Then when I saw the video clips of Terri's face on TV -- in marked contrast to just reading about the case -- I was appalled and incredulous that someone would want to remove her feeding tube.
She wasn't a vegetable at all, but someone brain damaged. The spark of personhood seemed obviously apparent to anyone who cared to watch.
Could anyone be serious that she was a vegetable on life support? I saw in Terri a real person, albeit disabled. Having covered the Special Olympics once as a newspaper reporter, it was obvious that Down's children had much to teach about devotion and joy, and I had nothing but admiration for parents who loved their limited children. A sophisticated ability to communicate verbally did not a person make, nor a life.
If her blood relatives possessed the Christlike, unjudgmental love for Terri even with her severe limitations, and the patience to care for her, we should be applauding their heroism.
One begins to think one is hallucinating such an interpretation of Terri's videos, given the culture of death that leads much of the country to oppose government intervention in this case, but others see her the same way. As Wesley J. Smith wrote on National Review Online:
Videotapes of Terri clearly show her responding to requests. For example, a closed-eyed Terri is asked to open her eyes by a doctor. Her eyes flutter and she does as he requests. She is asked in another video to follow a balloon with her eyes, and she does. In a heartbreaking video, Terri's mother kisses her on the cheek and Terri smiles and responds, clearly happy that her mom is with her.

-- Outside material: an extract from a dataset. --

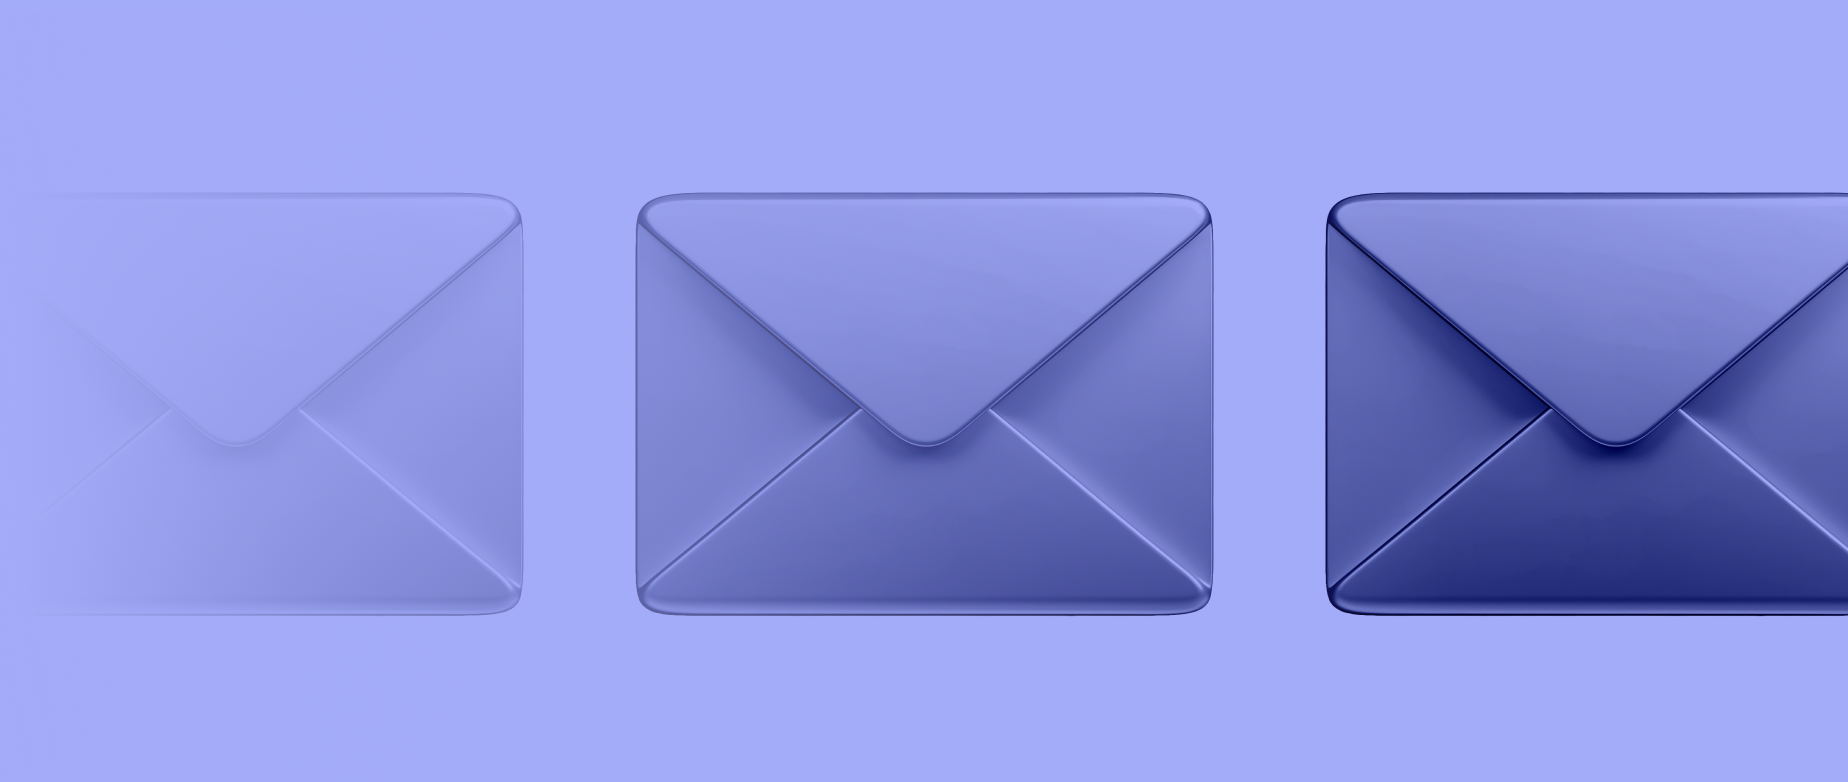 Three envelopes next to each other becoming less transparent from left to right on a purple background.

Can anyone explain to me why Judge George Greer found Michael Schiavo's arguments to kill his former wife (he now has a new family) compelling? Mark Steyn, writing in the Chicago Sun-Times of March 27, 2005, seems as baffled as the rest of us:
This is not a criminal, not a murderer, not a person whose life should be in the gift of the state. So I find it repulsive, and indeed decadent, to have her continued existence framed in terms of ''plaintiffs'' and ''petitions'' and ''en banc review'' and ''de novo'' and all the other legalese. Mrs. Schiavo has been in her present condition for 15 years. Whoever she once was, this is who she is now -- and, after a decade and a half, there is no compelling reason to kill her. Any legal system with a decent respect for the status quo -- something too many American judges are increasingly disdainful of -- would recognize that her present life, in all its limitations, is now a well-established fact, and it is the most grotesque judicial overreaching for any court at this late stage to decide enough is enough. It would be one thing had a doctor decided to reach for the morphine and ''put her out of her misery'' after a week in her diminished state; after 15 years, for the courts to treat her like a Death Row killer who's exhausted her appeals is simply vile. ...Michael Schiavo is living in a common-law relationship with another woman, by whom he has fathered children. I make no judgment on that. Who of us can say how we would react in his circumstances? Maybe I'd pull my hat down over my face and slink off to the cathouse on the other side of town once a week. Maybe I'd embark on a discreet companionship with a lonely widow. But if I take on a new wife (in all but name) and make a new family, I would think it not unreasonable to forfeit any right of life or death over my previous wife.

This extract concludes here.